Use the IndexKits library to create datasets.

[TOC]

Introdution

The IndexKits library offers a command-line tool idk for creating datasets and viewing their statistical information. You can view the instructions by using idk -h. Here, it refers to creating an Index V2 format dataset from a series of arrow files.

1. Creating a Base Index V2 Dataset

1.1 Create a Base Index V2 dataset using `idk`

When creating a Base Index V2 dataset, you need to specify the path to a configuration file using the -c parameter and a save path using the -t parameter.

idk base -c base_config.yaml -t base_dataset.json

1.2 Basic Configuration

Next, let’s discuss how to write the configuration file. The configuration file is in yaml format, and below is a basic example:

Filename: base_config.yaml

source:
    - /HunYuanDiT/dataset/porcelain/arrows/00000.arrow

Field Name	Type	Description
source	Optional	Arrow List

We provide an example that includes all features and fields in full_config.yaml.

1.3 Filtering Criteria

idk offers two types of filtering capabilities during the dataset creation process: (1) based on columns in Arrow, and (2) based on MD5 files.

To enable filtering criteria, add the filter field in the configuration file.

1.3.1 Column Filtering

To enable column filtering, add the column field under the filter section. Multiple column filtering criteria can be applied simultaneously, with the intersection of multiple conditions being taken.

For example, to select data where both the length and width are greater than or equal to 512, with the default being 1024 if the length and width are invalid:

filter:
    column:
        -   name: height
            type: int
            action: ge
            target: 512
            default: 1024
        -   name: width
            type: int
            action: ge
            target: 512
            default: 1024

This filtering condition is equivalent to table['height'].to_int(default=1024) >= 512 && table['width'].to_int(default=1024) >= 512.

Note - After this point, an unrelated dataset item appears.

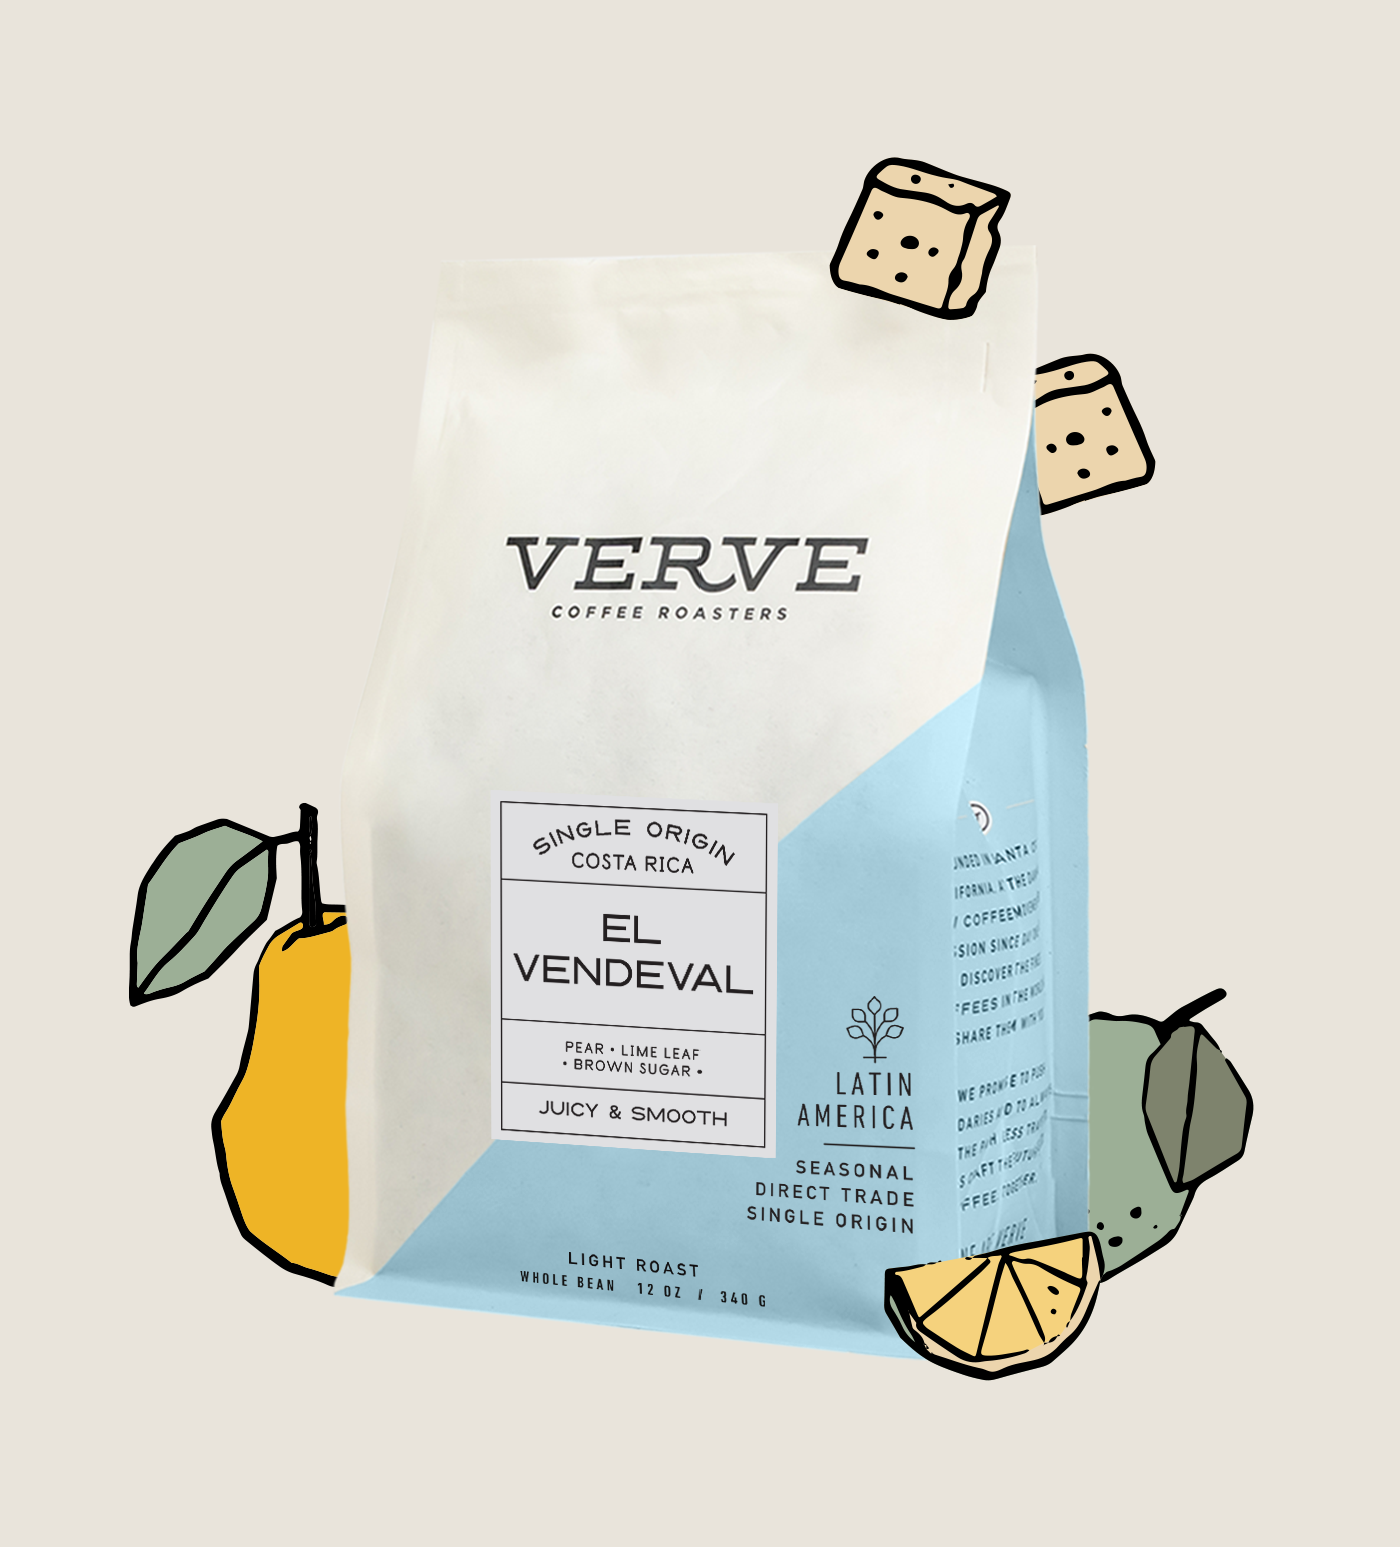 El Vendeval whole bean with tasting notes

Each filtering criterion includes the following fields:

Field Name	Type	Description	Value Range
name	Required	Column name in Arrow	Column in Arrow
type	Required	Type of Elements in the Column	`int`, `float` or `str`
action	Required	Filtering Criteria	See the table below for possible values
target	Required	Filtering Criteria	Numeric or String
default	Required	Default value when the element is invalid	Numeric or String
arrow_file_keyword	Optional	Keywords in the Arrow file path	-

Below are the specific meanings of “action” and the optional values under different circumstances::

Action	Description	Type	Action	Description	Type
eq	equal, `==`	`int`, `float`, `str`	ne	not equal, `!=`	`int`, `float`, `str`
gt	great than, `>`	`int`, `float`	lt	less than, `<`	`int`, `float`
ge	great or equal, `>=`	`int`, `float`	le	less or equal, `<=`	`int`, `float`
len_eq	str length equal, `str.len()==`	`str`	len_ne	str length not equal, `str.len()!=`	`str`
len_gt	str length great than, `str.len()>`	`str`	len_lt	str length less than, `str.len()<`	`str`
len_ge	str length great or equal, `str.len()>=`	`str`	len_le	str length less or equal, `str.len()<=`	`str`
contains	str contains, `str.contains(target)`	`str`	not_contains	str not contains, `str.not_contains(target)`	`str`
in	str in, `str.in(target)`	`str`	not_in	str not in, `str.not_in(target)`	`str`
lower_last_in	lower str last char in, `str.lower()[-1].in(target)`	`str`

1.3.2 MD5 Filtering

Add an md5 field under the filter section to initiate MD5 filtering. Multiple MD5 filtering criteria can be applied simultaneously, with the intersection of multiple conditions being taken.

例如:

badcase.txt is a list of MD5s, aiming to filter out the entries listed in these lists.
badcase.json is a dictionary, where the key is the MD5 and the value is a text-related tag. The goal is to filter out specific tags.

filter:
    md5:
        - name: badcase1
          path:
            - badcase1.txt
          type: list
          action: in
          is_valid: false
        - name: badcase2
          path: badcase2.json
          type: dict
          action: eq
          target: 'Specified tag'
          is_valid: false

Each filtering criterion includes five fields:

Field Name	Type	Description	Value Range
name	Required	The name of the filtering criterion, which can be customized for ease of statistics.	-
path	Required	The path to the filtering file, which can be a single path or multiple paths provided in a list format. Supports `.txt`, `.json`, `.pkl` formats.	-
type	Required	The type of records in the filtering file.	`list` or `dict`
action	Required	The filtering action.	For `list`: `in`, `not_in`; For `dict`: `eq`, `ne`, `gt`, `lt`, `ge`, `le`
target	Optional	The filtering criterion.	Required when type is `dict`
is_valid	Required	Whether a hit on action+target is considered valid or invalid.	`true` or `false`
arrow_file_keyword	Optional	Keywords in the Arrow file path.	-

1.4 Advanced Filtering

idk also supports some more advanced filtering functions.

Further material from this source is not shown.